Question

The weight of non-volatile solute having molecular weight 40, that should be dissolved in 43 g hexane to reduce its vapour pressure to 80% is:

• A. 5 g
• B. 47.2 g
• C. 95 g
• D. 80 g

Answer 1

The correct option is A 5 g

Solution:- (A) $5g$

Let the vapour pressure of pure octane be $p^{\circ }$.
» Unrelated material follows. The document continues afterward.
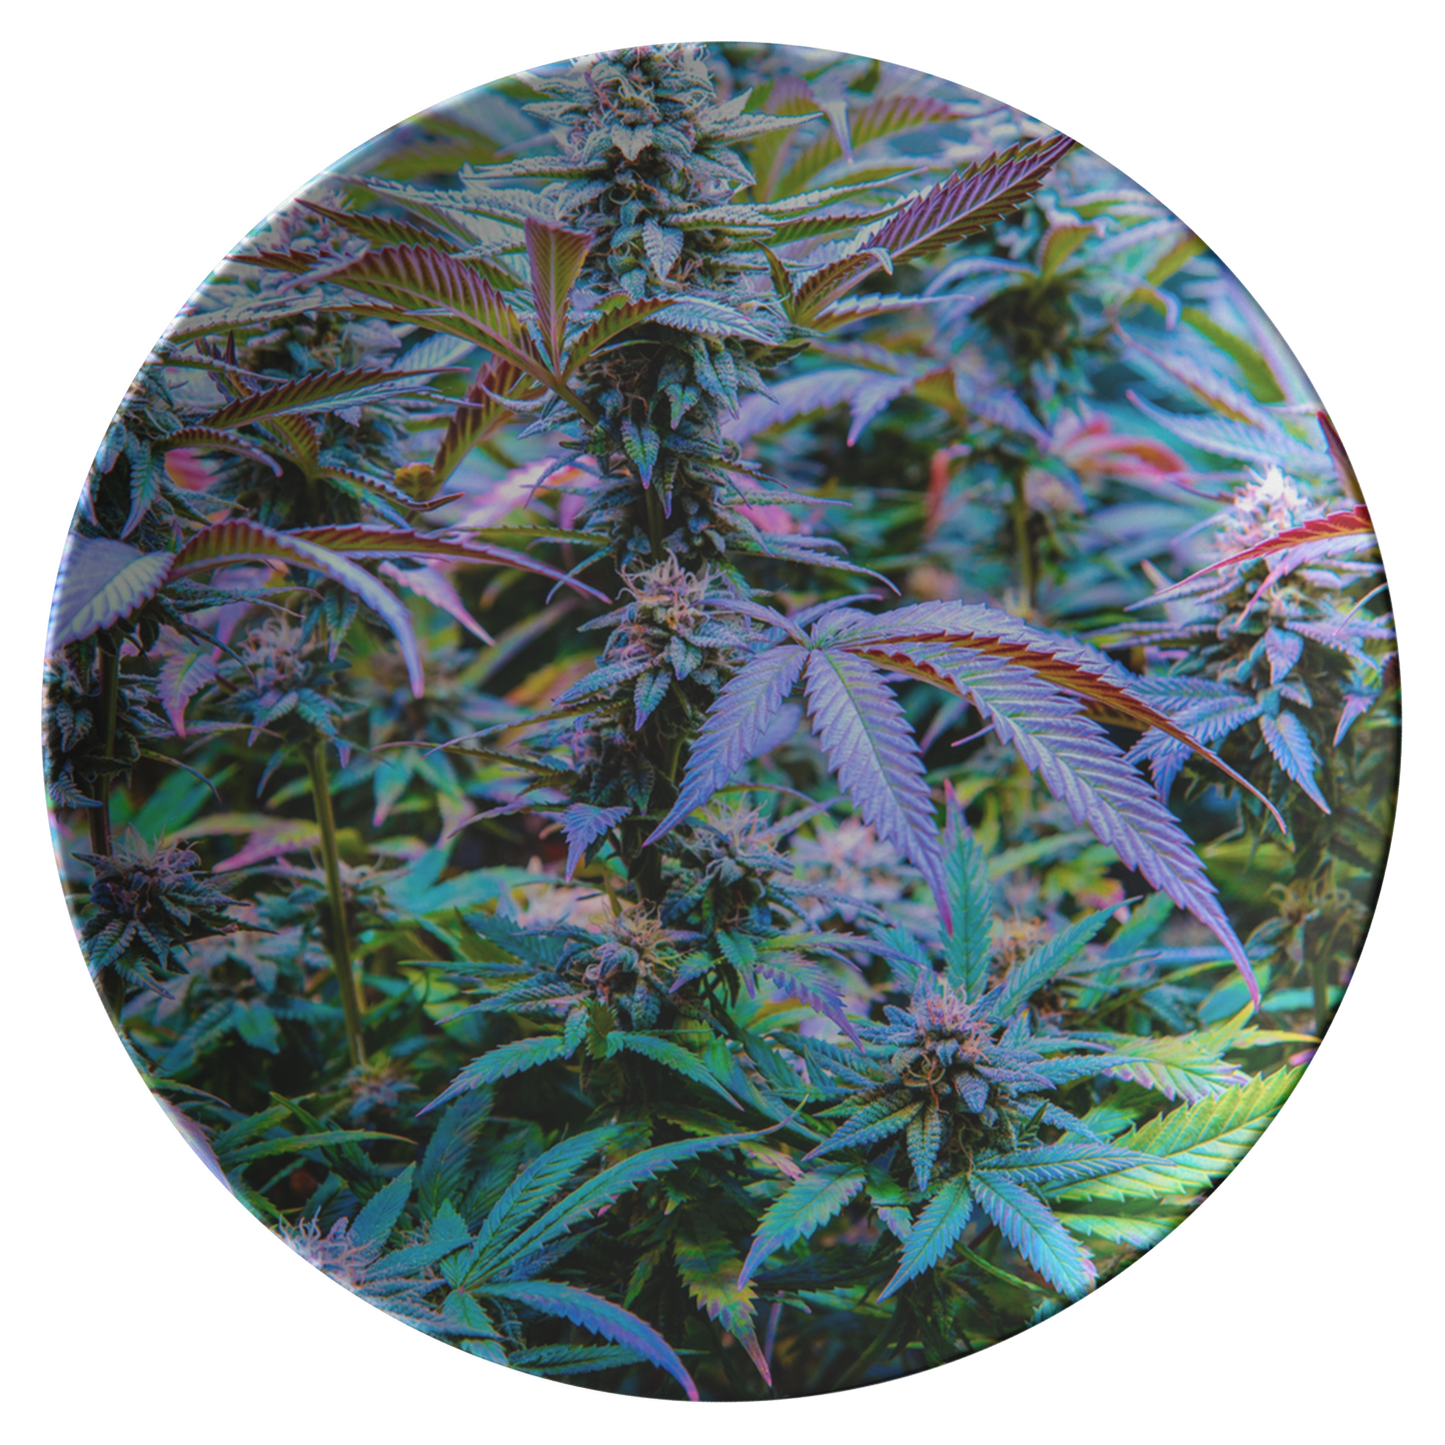 The Rainbow Cannabis Plate

Then, the vapour pressure of the octane after dissolving the non-volatile solute $\left(p_s\right)$ is-

$p_s=\frac{80}{100}{p}^{\circ }=0.8p^{\circ }$

Molar mass of solute $\left(M_2\right)=40g/mol$

Mass of hexane $\left(w_1\right)=43g$

Molar mass of hexane $\left(M_1\right)=86g$

From Rault's law,

$\frac{p^{\circ }-p_s}{p_s}=\frac{n_1}{n_2}$

$\frac{p^{\circ }-p_s}{p_s}=\frac{\left(\frac{w_2}{M_2}\right)}{\left(\frac{w_1}{M_1}\right)}$

$\frac{p^{\circ }-0.8p^{\circ }}{0.8p^{\circ }}=\frac{\left(\frac{w_2}{40}\right)}{\left(\frac{43}{86}\right)}$

$\Rightarrow w_2=\frac{0.2\times 20}{0.8}=5g$

Hence the weight of non-volatile solute reqired is $5gm$.